ACTIVITY — Pictures are to be left out; every line from the one that holds "Landwirtschaftsmaschine beim Ausgeben" to the end of the data is to be retyped exactly.

DATASET SECTION —

%%

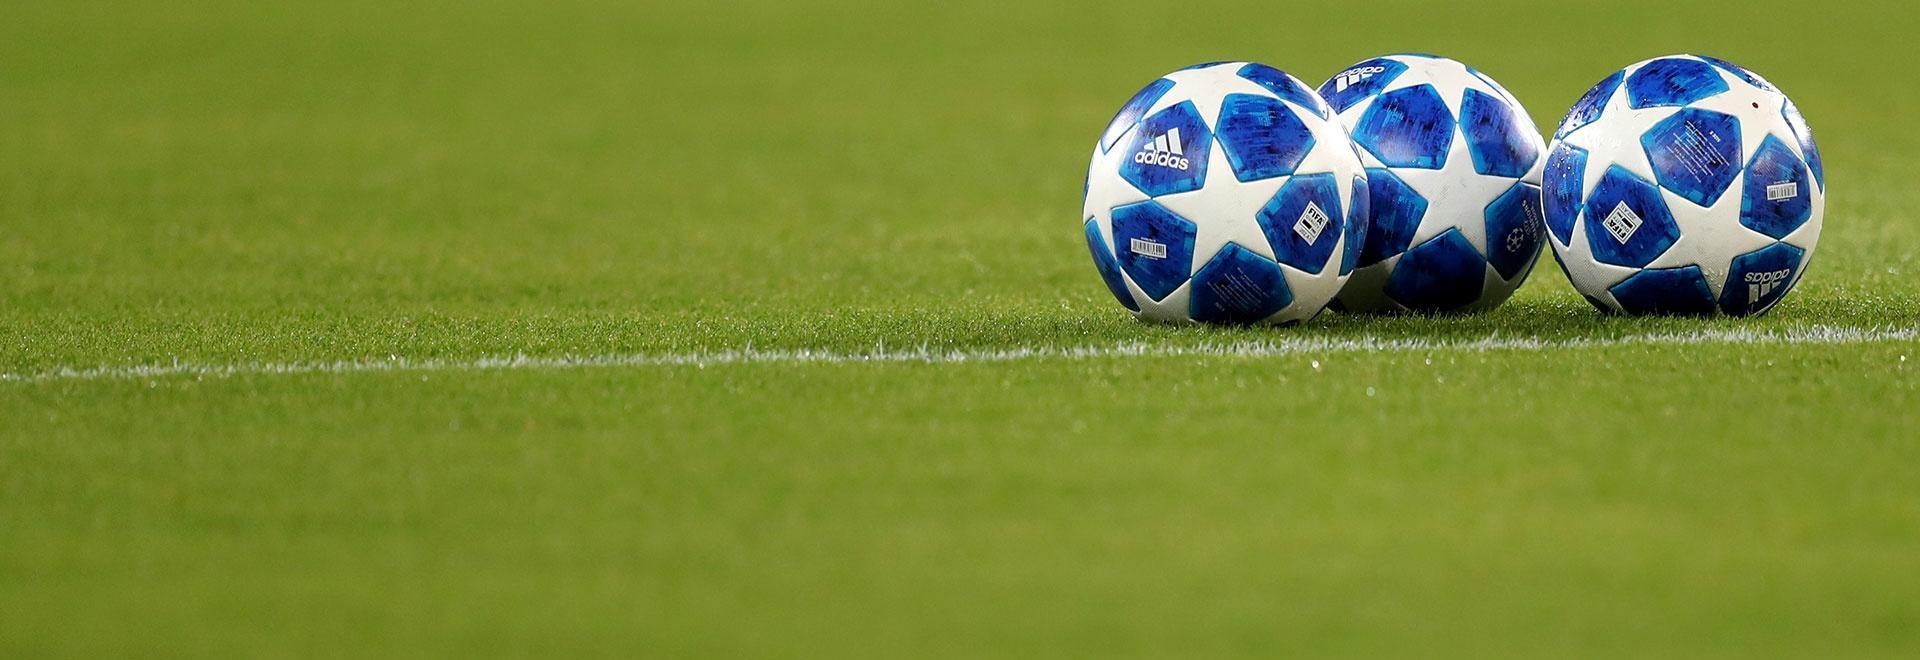 Juventus - Chelsea 10/03/09
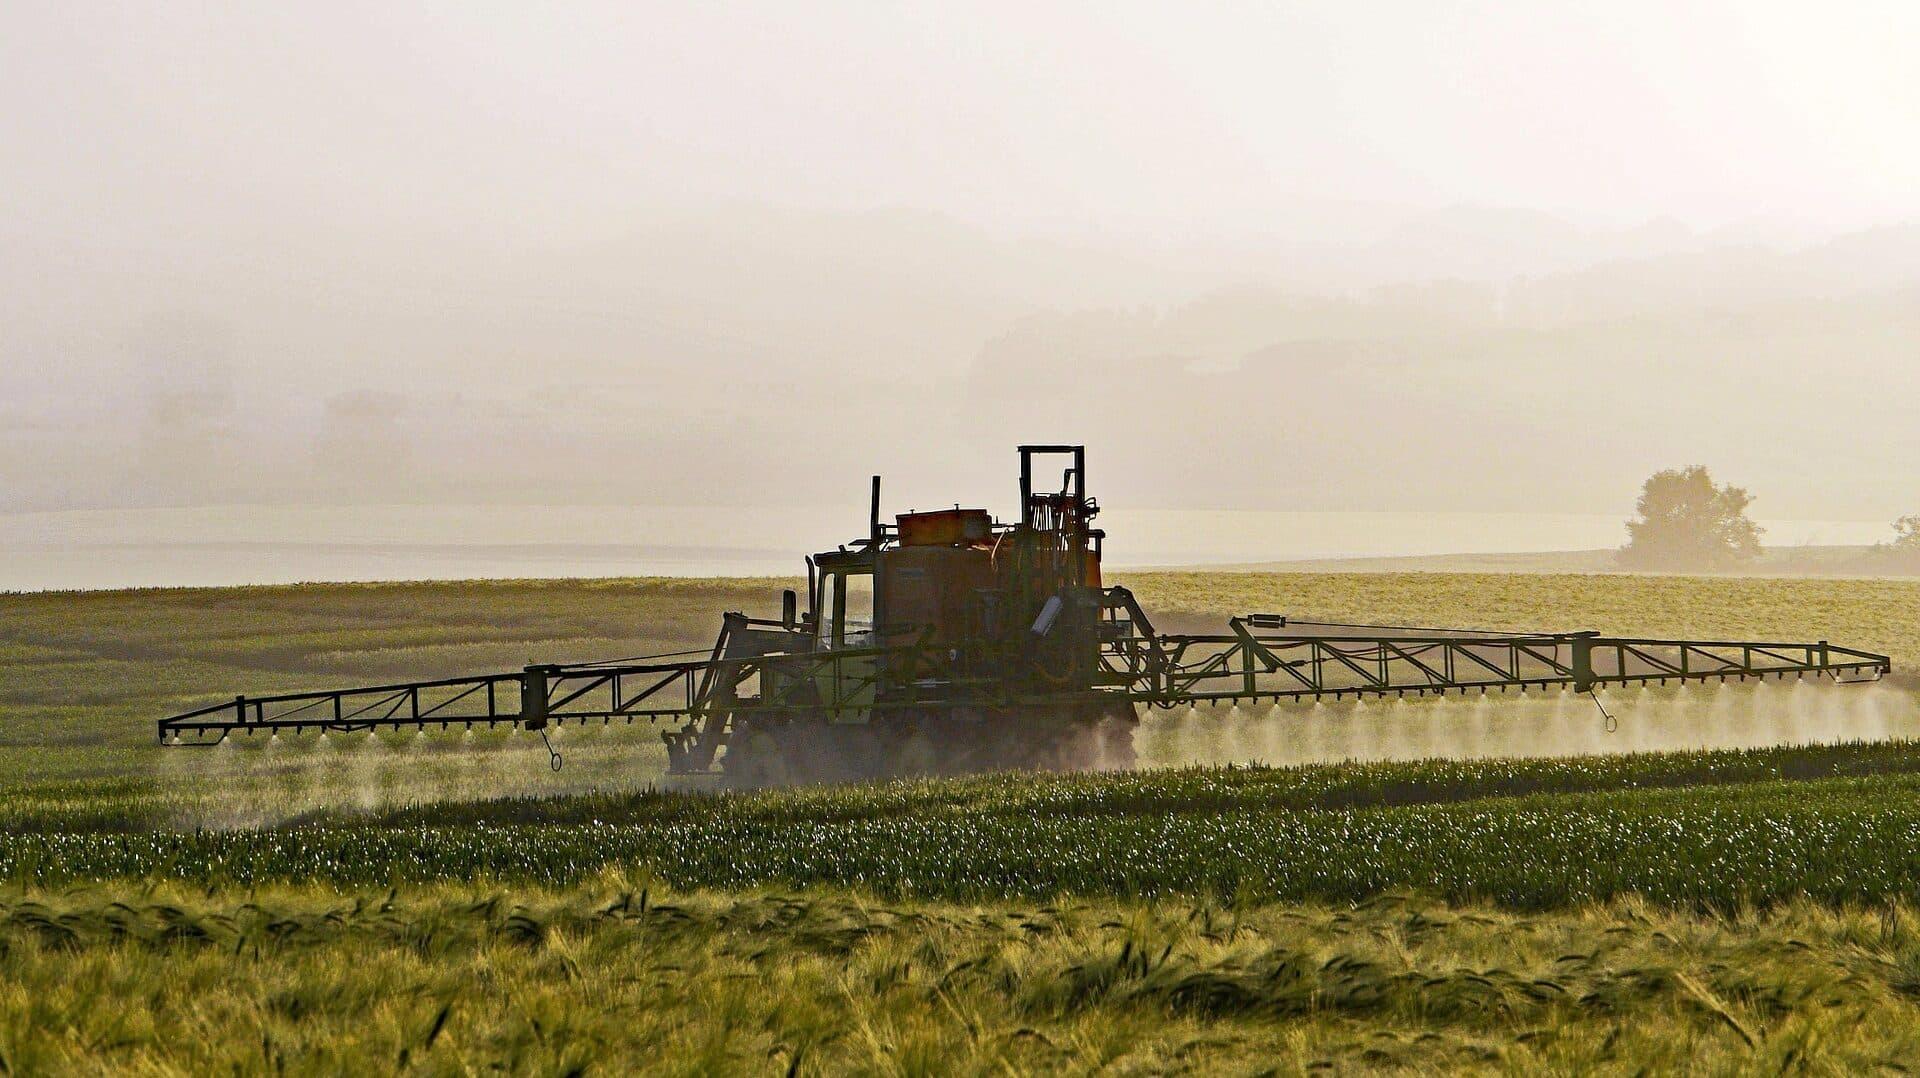 Landwirtschaftsmaschine beim Ausgeben von Pflanzenschutzmitteln
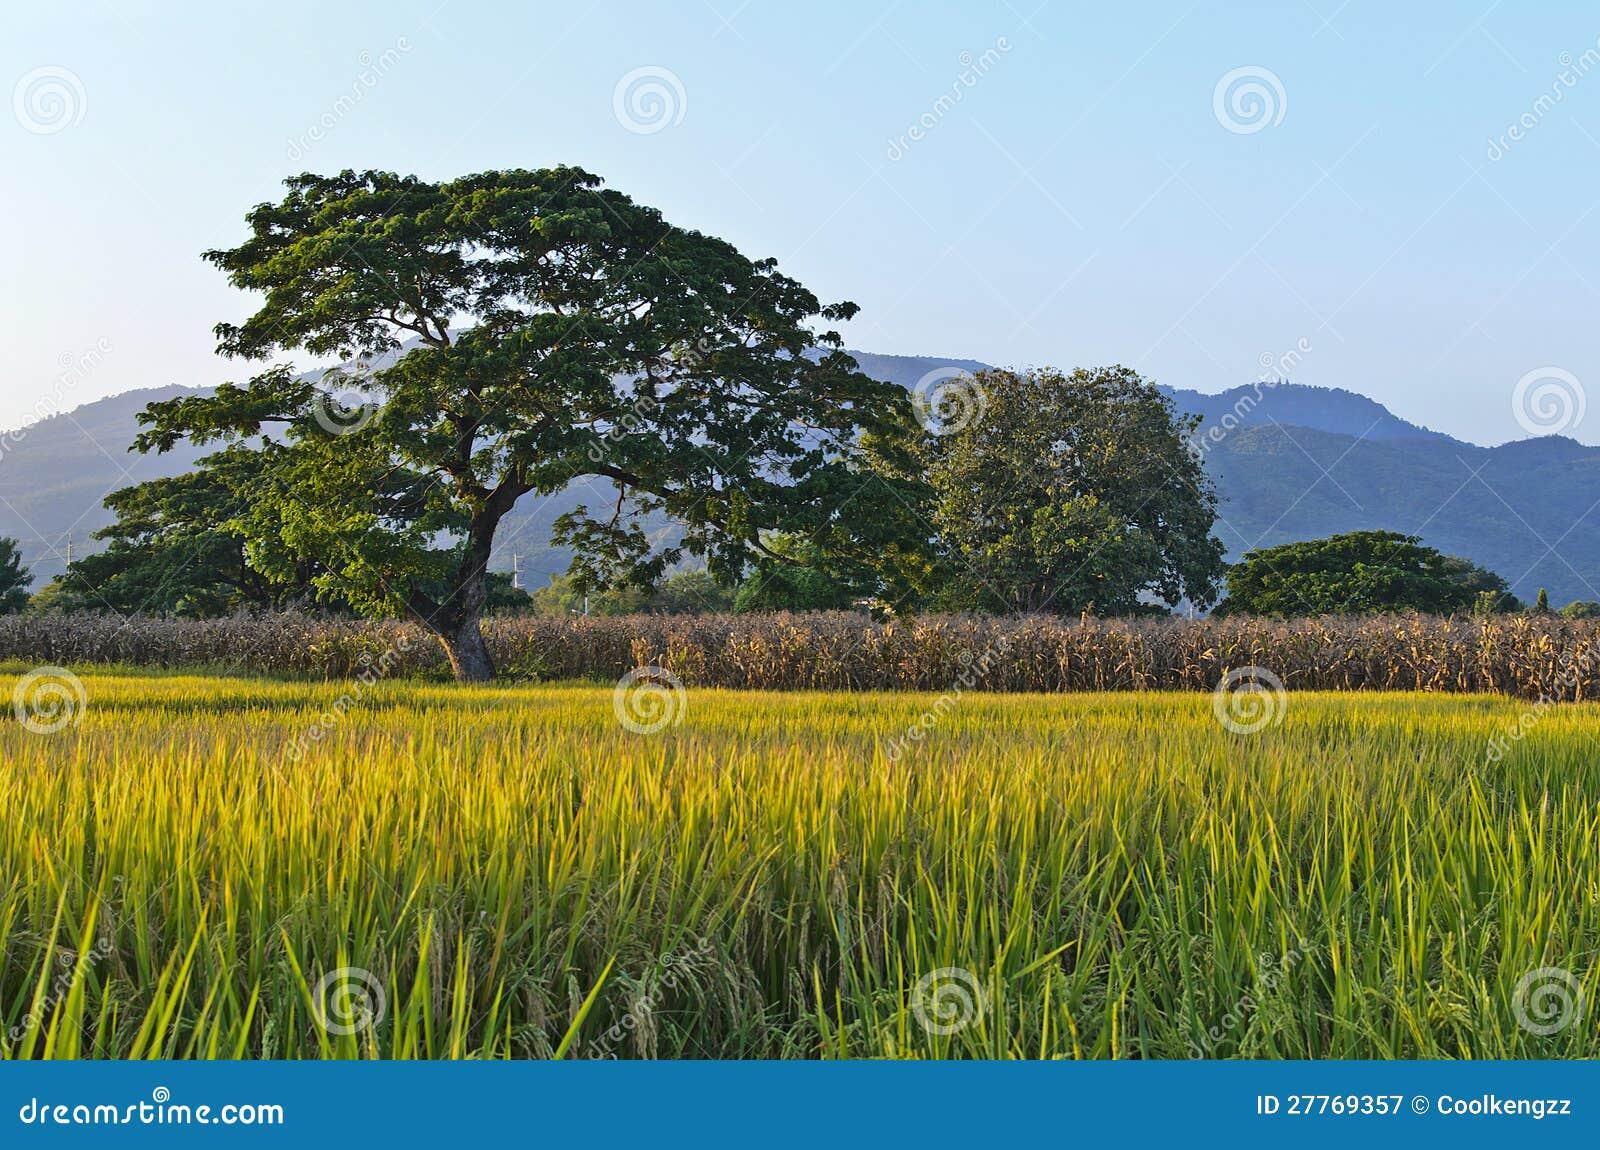 Ferme de riz avec le fond de montagne (Lanscape)

%%

RESPONSE TO THIS TASK —
 Landwirtschaftsmaschine beim Ausgeben von Pflanzenschutzmitteln
 Ferme de riz avec le fond de montagne (Lanscape)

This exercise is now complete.